MWM, Inc. v. Smyth County

24 Va. Cir. 176, 1991 Va. Cir. LEXIS 193
CourtSmyth County Circuit Court
DecidedJune 6, 1991
DocketCase No. (Law) 91-3314
StatusPublished

This text of 24 Va. Cir. 176 (MWM, Inc. v. Smyth County) is published on Counsel Stack Legal Research, covering Smyth County Circuit Court primary law. Counsel Stack provides free access to over 12 million legal documents including statutes, case law, regulations, and constitutions.

Bluebook
MWM, Inc. v. Smyth County, 24 Va. Cir. 176, 1991 Va. Cir. LEXIS 193 (Va. Super. Ct. 1991).

Opinion

By JUDGE CHARLES H. SMITH, JR.

This matter is pending for decision on the plaintiff’s application for a reduction in the tax assessment made on subject property in the 1986 reassessment. The application is filed pursuant to § 58.1-3984 of the Code of Virginia. The subject property is commonly known as the Midway Supermarket and was purchased by the plaintiffs at a foreclosure auction on the 4th of October, 1989. Although not named as a party-defendant in the application, the County of Smyth did file, by its attorney, a responsive pleading noting therein that it is the actual party in interest with regard to the application. At the hearing conducted on April 4, 1991, an oral motion was made and granted to so amend the style and the issues were joined.

The plaintiff contends that it is aggrieved by the assessment of its property by the defendant for tax purposes in the amount of $360,400.00. Plaintiff contends that subject property is assessed at far more than its fair market value and that the assessment is not uniform in its application when compared to similar properties in Smyth County. Plaintiff paid $150,000.00 for subject property at a foreclosure sale in October, 1989. The plaintiff points out that when the property was last reassessed, in 1986, it was a viable, operating business. The defendant [177]*177admits that the property is assessed for tax purposes at $360,400.00, $40,000.00 for land and $320,400.00 for improvement. The county denies, however, that the property is incorrectly assessed or that the assessment is not uniform in its application when compared to similar properties. In fact, the county contends that the subject property is under assessed when compared to similar properties within the county.

A review of the applicable constitutional and statutory provisions is helpful. Article X, Section 1, of the Virginia constitution provides:

All property, except as hereinafter provided, shall be taxed. All taxes shall be levied and collected under general laws and shall be uniform upon the same class of subjects within the territorial limits of the authority levying the tax ....

Section 2 of the same article provides:

All assessments of real estate and tangible personal property shall be at their fair market value ....
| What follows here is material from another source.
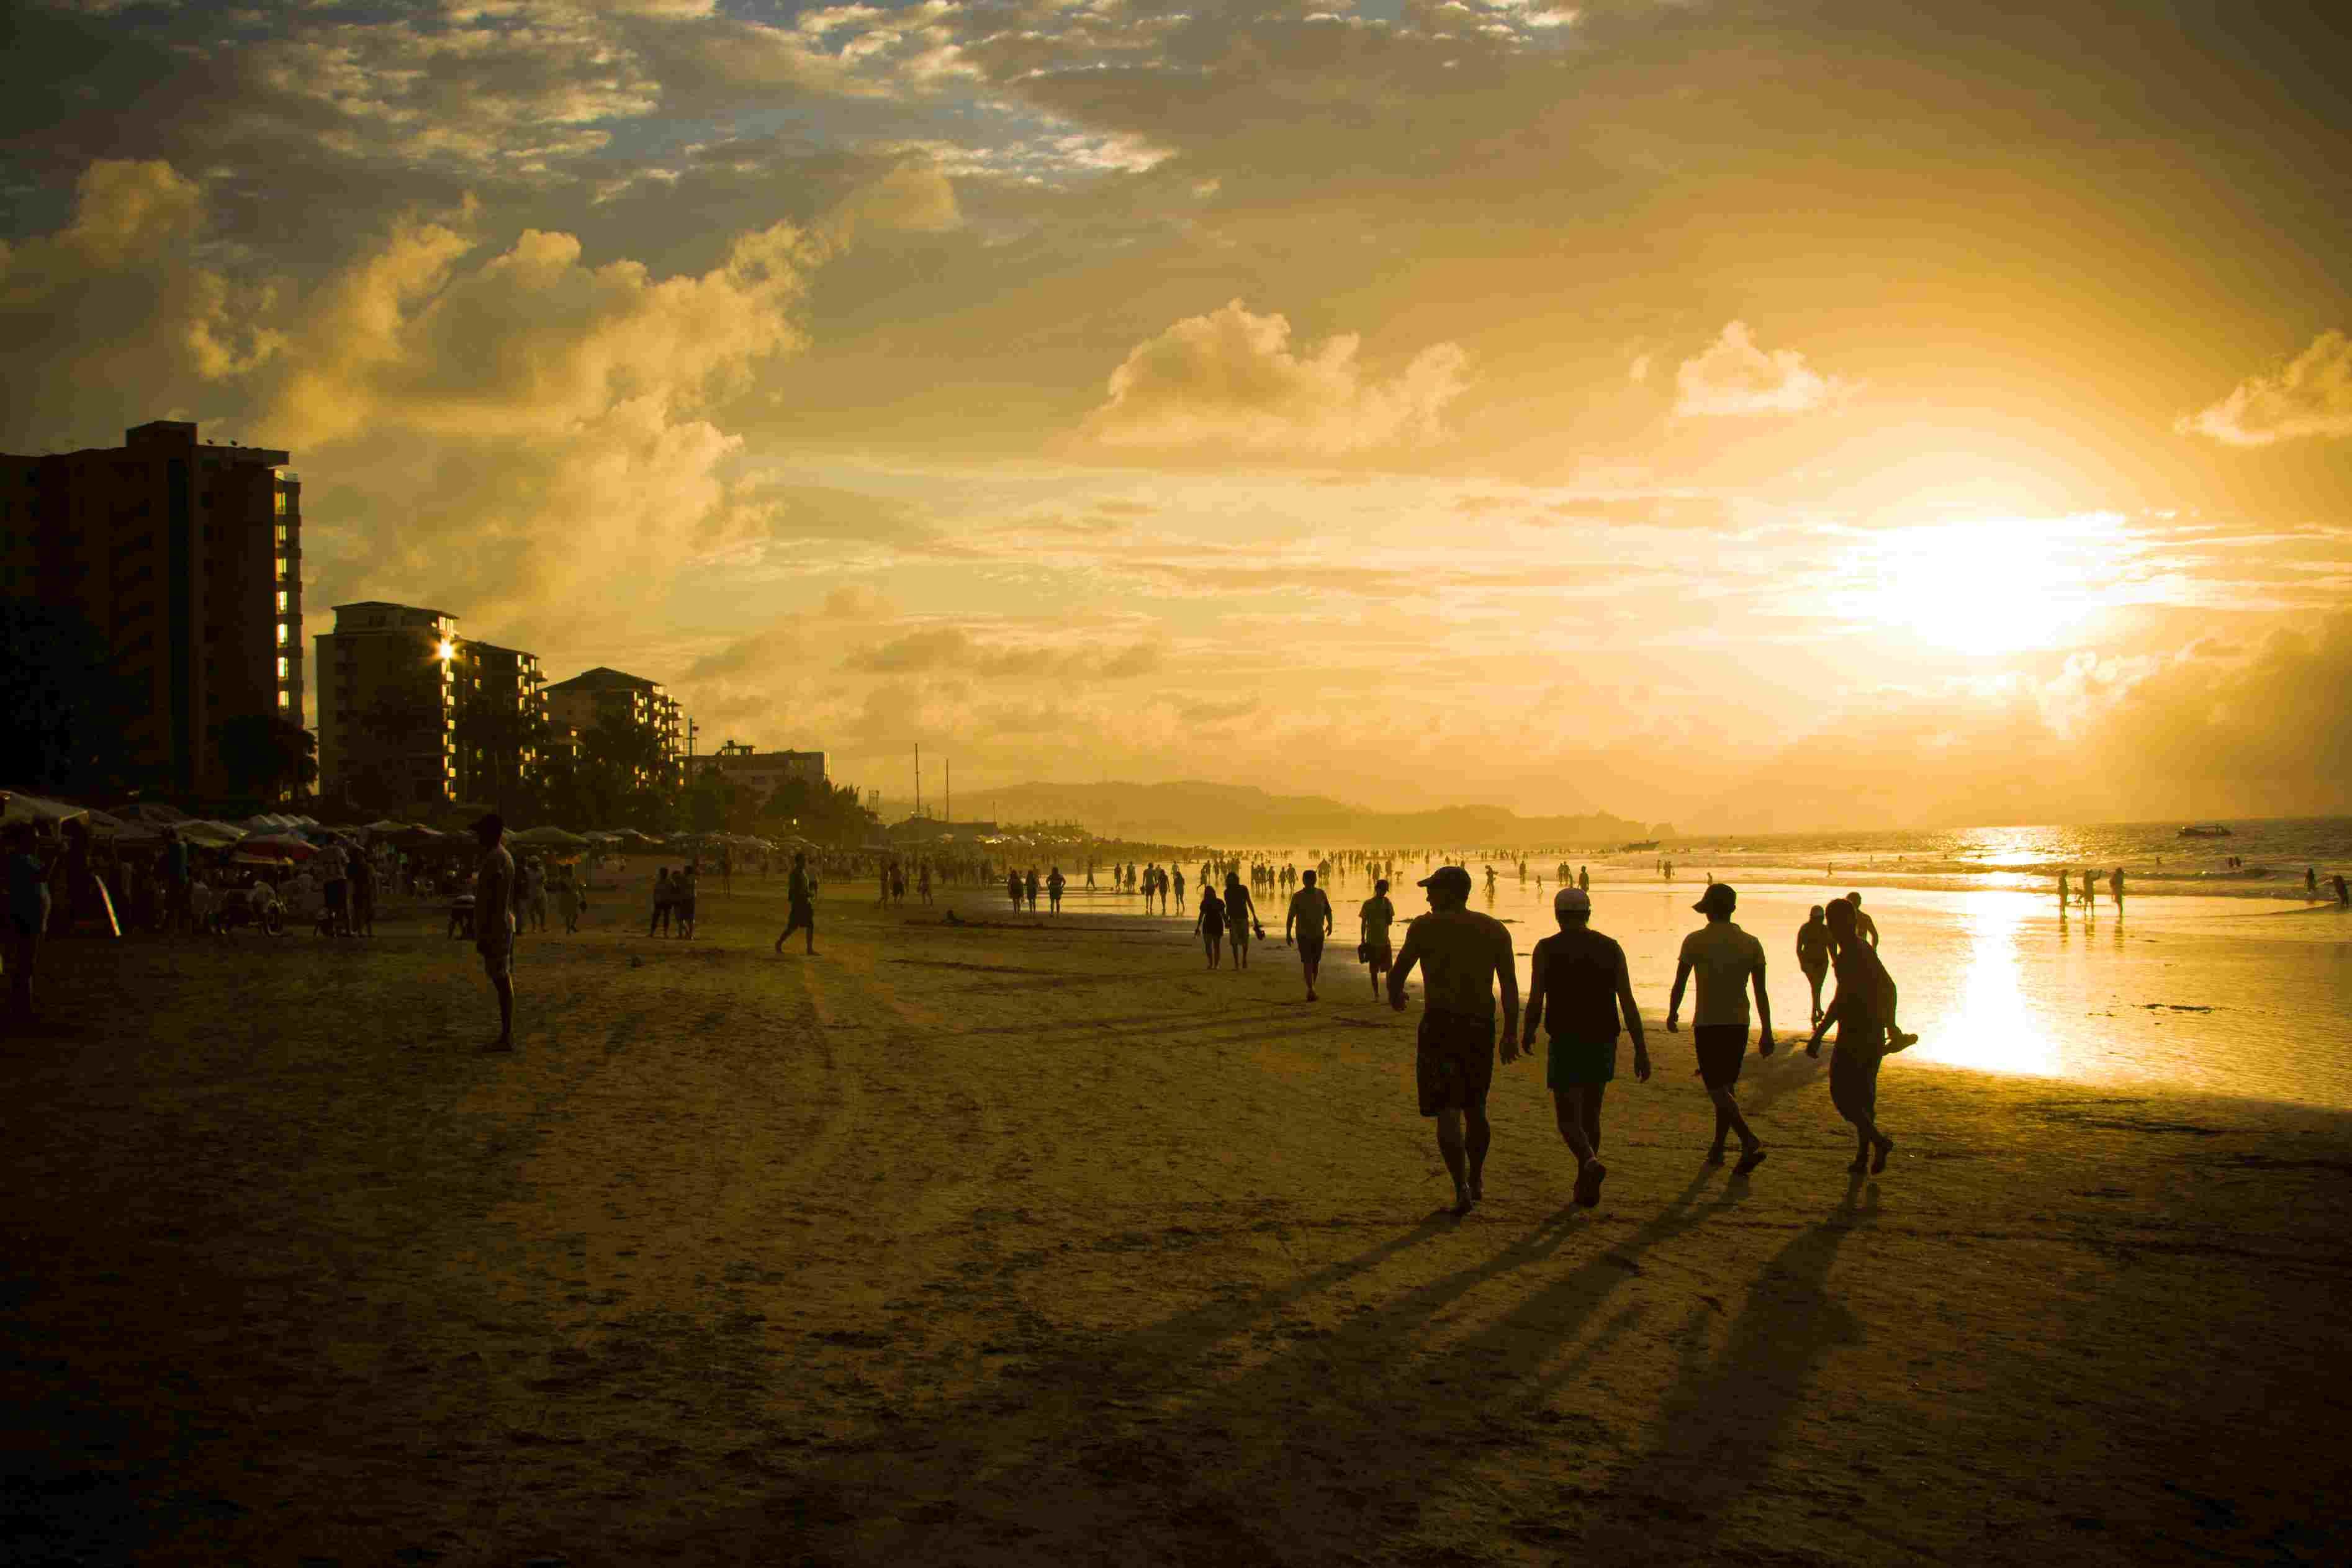 People walking along Tonsupa Beach in Esmeraldas, Ecuador

Section 58.1-3201 of the code requires that all assessments of real estate be made at 100% of the fair market value. Section 58.1-3252 of the code provides as follows:

There shall be a general reassessment of real estate every four years. Any county which, however, has a total population of 50,000 or less may elect by majority vote of its Board of supervisors to conduct its general reassessments at either five-year or six-year intervals.

The Smyth County Board of Supervisors, by resolution adopted July 13, 1982, elected to reassess all real estate at six-year intervals. As noted above, subject property was last assessed in January, 1986. Also, as noted above, plaintiff purchased the real estate at a foreclosure sale in October, 1989, for $150,000.00. Plaintiffs evidence reveals that the subject property was unoccupied at the [178]*178time and remains unoccupied, is in a rapidly deteriorating condition, and is structurally obsolete for its intended use. Thus, according to plaintiff’s testimony and that of its expert, the property is now grossly overassessed, and the tax assessment bears no rational relationship to its true market value. One of plaintiff’s officers testified that the property was listed for sale right after they purchased it for $325,000.00 but that they have had no action on the listing and that the price has now dropped to $295,000.00. Plaintiff’s expert real estate appraiser put a fair market value on the property of $232,700.00 as of November 30, 1990. Another of plaintiff’s experts valued the property at some $247,800.00 as of the date of the hearing. It is noted that all of plaintiff’s testimony on the subject relates to the value of the subject property at or near the date of the hearing.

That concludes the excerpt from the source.